Some 700 representatives adopted a draft constitution on July 12 that envisaged a bicameral legislature and the dissolution of the congress. The Supreme Soviet, the standing legislature, immediately rejected the draft and declared that the Congress of People's Deputies was the supreme lawmaking body and hence would decide on the new constitution. Because the new constitution would dissolve the congress, there was little likelihood that it would vote itself into oblivion. The convention ultimately approved a compromise draft constitution in July 1993, incorporating some aspects of the parliament's draft.

The parliament was active in July, while the president was on vacation, and passed a raft of decrees that revised economic policy in order to "end the division of society." It also launched investigations of key advisers of the president, accusing them of corruption. The president returned in August and declared that he would deploy all means, including circumventing the constitution, to achieve new parliamentary elections.

Yeltsin's suspension of parliament

The president launched his offensive on September 1 when he attempted to suspend key adversary Aleksandr Rutskoy as vice president. Rutskoi, elected on the same ticket as Yeltsin in 1991, was the president's automatic successor. A presidential spokesman said that he had been suspended because of "accusations of corruption." On September 3, the Supreme Soviet rejected Yeltsin's suspension of Rutskoi and referred the question to the Constitutional Court.

Two weeks later he declared that he would agree to call early presidential elections provided that the parliament also called elections. The parliament ignored him. On September 18, Yeltsin then named neoliberal Yegor Gaidar, who had been forced out of office by parliamentary opposition in 1992, a deputy prime minister and a deputy premier for economic affairs. This appointment was unacceptable to the Supreme Soviet, which emphatically rejected it.

In late September 1993, Yeltsin responded to the impasse in legislative-executive relations by repeating his announcement of a constitutional referendum, but this time he followed the announcement by dissolving the parliament and announcing new legislative elections for December. On September 21, 1993, Yeltsin decreed parliament dissolved and announced parliamentary elections for December. He also scrapped the constitution, replacing it with another that gave him near-monarchic executive powers. (According to the new plan, the lower house would have 450 deputies and be called the State Duma, the name of the Russian legislature before the 1917 Bolshevik Revolution. The Federation Council, which would bring together representatives from the 89 subdivisions of the Russian Federation, would play the role of an upper house.)

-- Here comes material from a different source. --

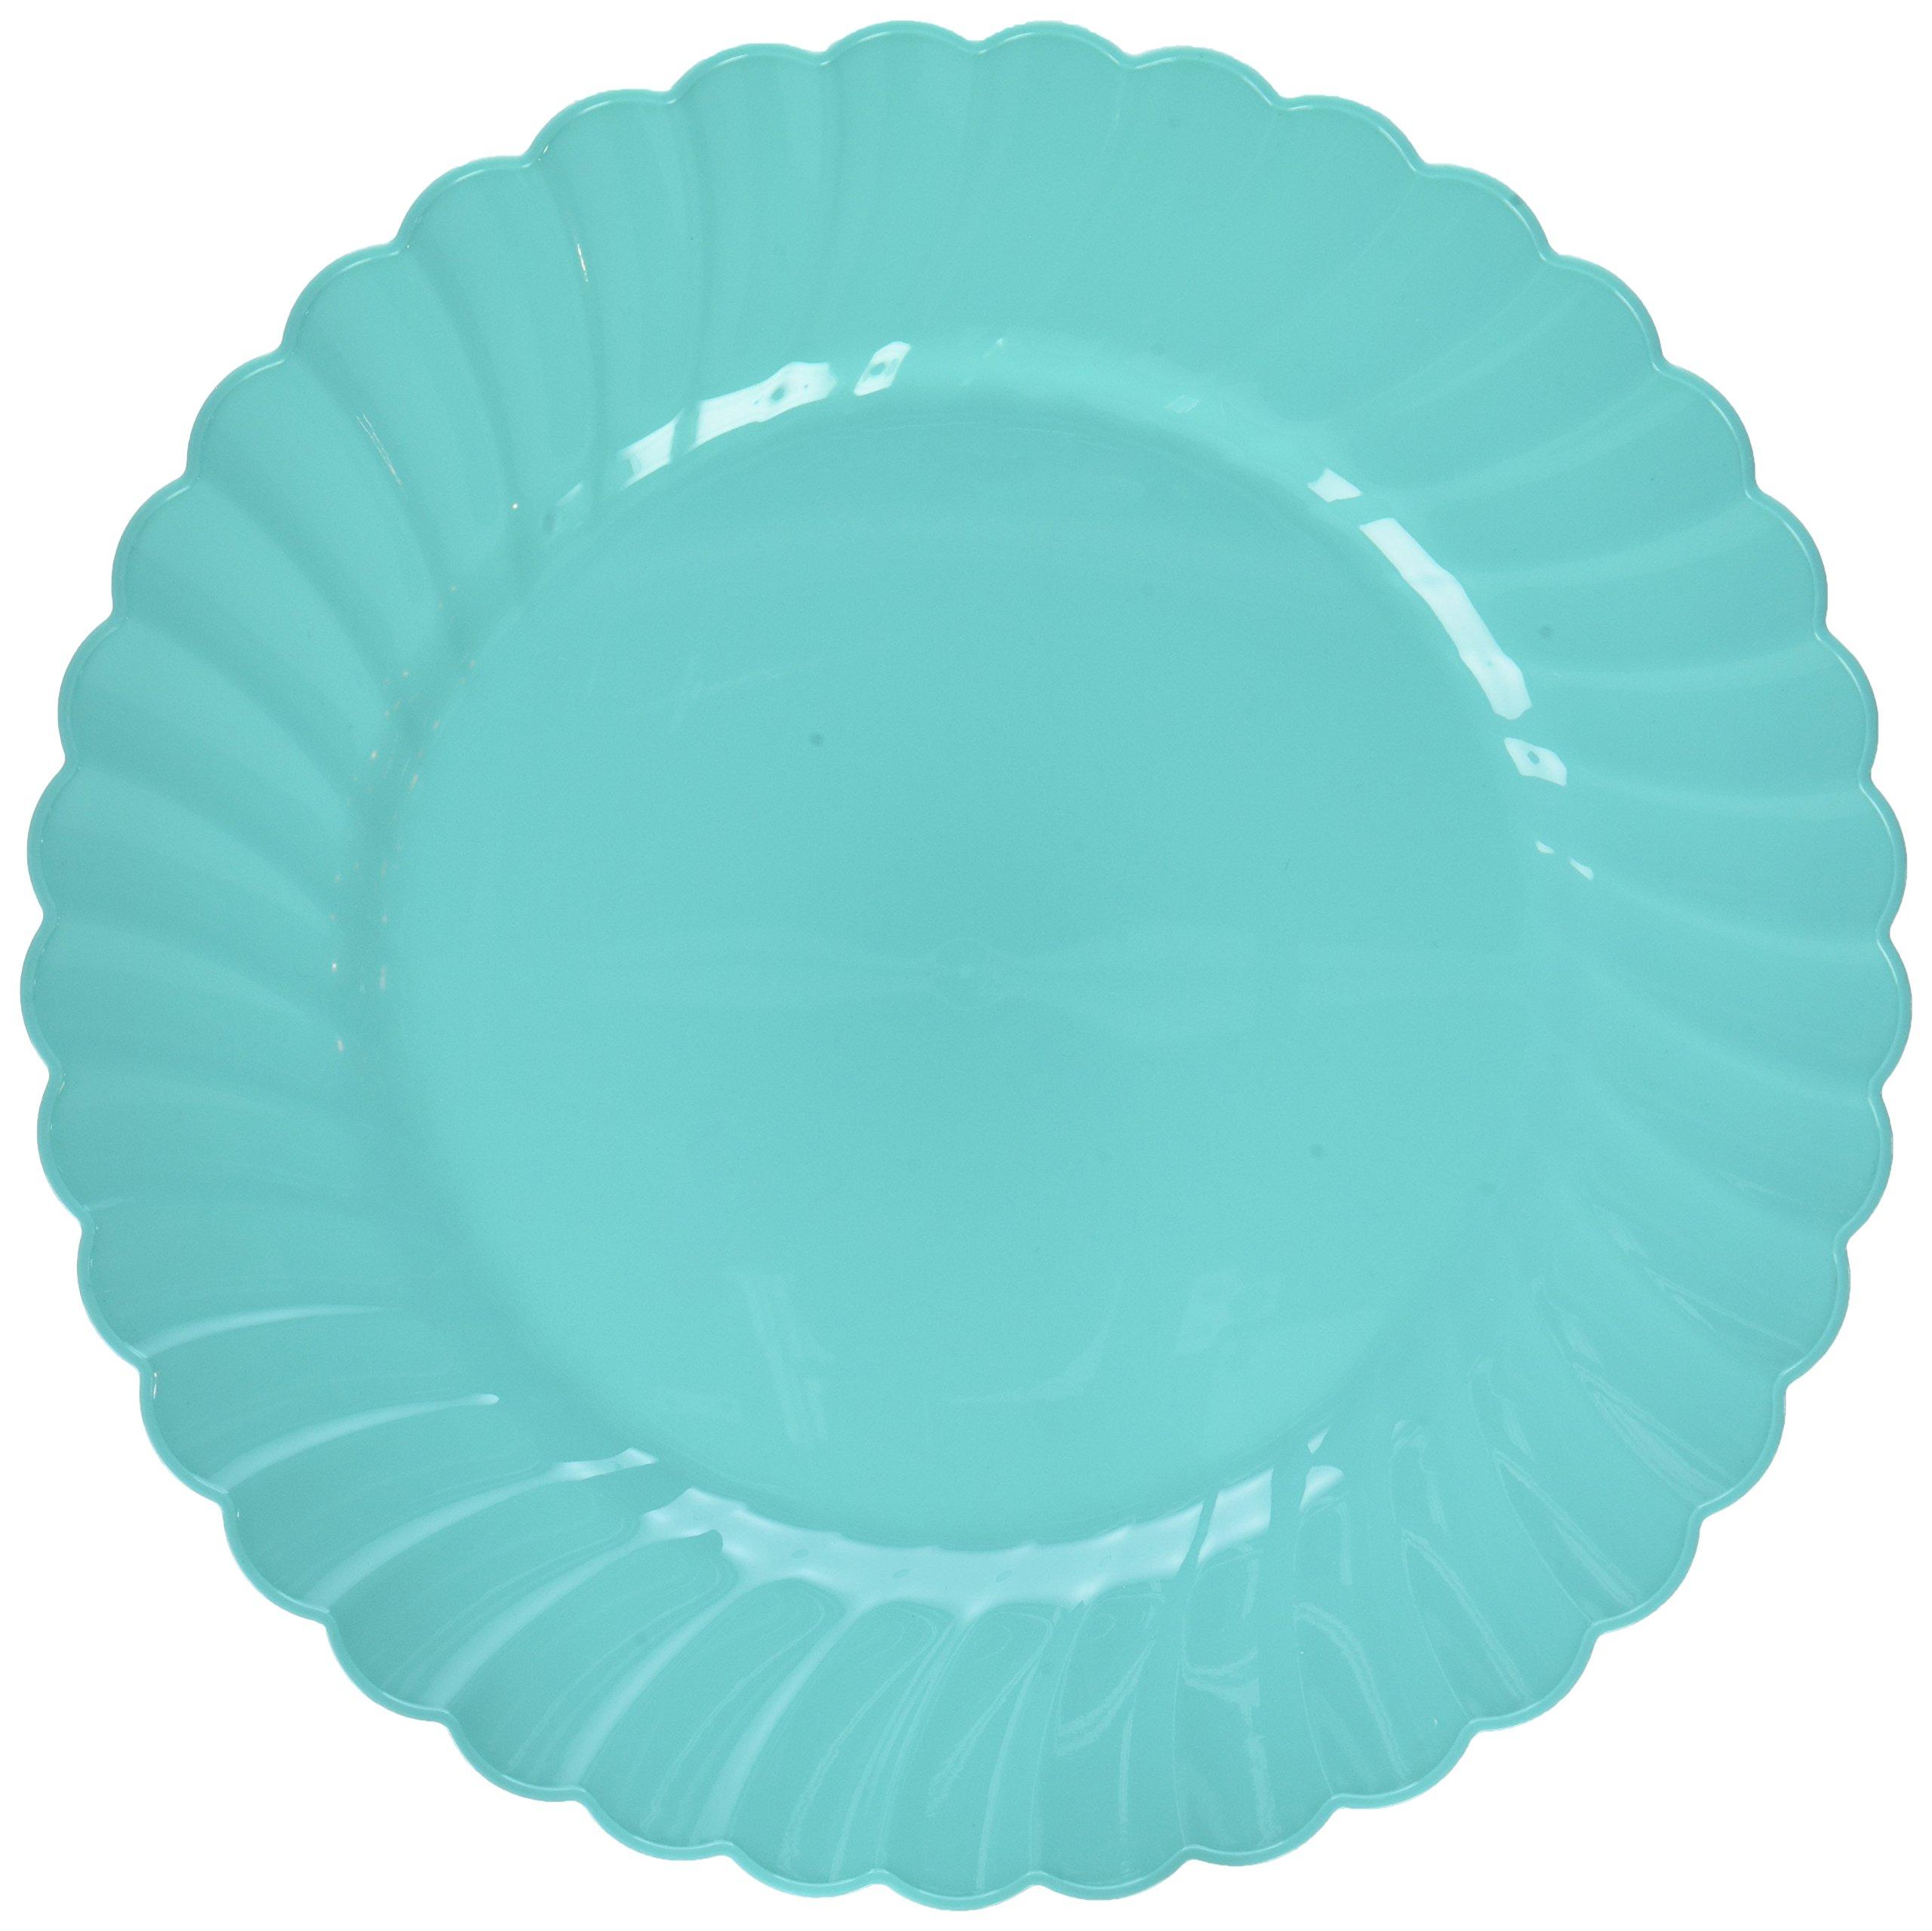 Amscan 430901.121 Plastic Plates, 10 1/4'', Robin's Egg Blue

Yeltsin claimed that by dissolving the Russian parliament in September 1993 he was clearing the tracks for a rapid transition to a functioning market economy. With this pledge, he received strong backing from the leading capitalist powers of the West and the other Soviet successor states. Yeltsin's biggest political asset has always been his close relationship to the Western powers, particularly the U.S., but this has left him open to charges in Russia of being an agent of foreign interests and of groveling before Western imperialism.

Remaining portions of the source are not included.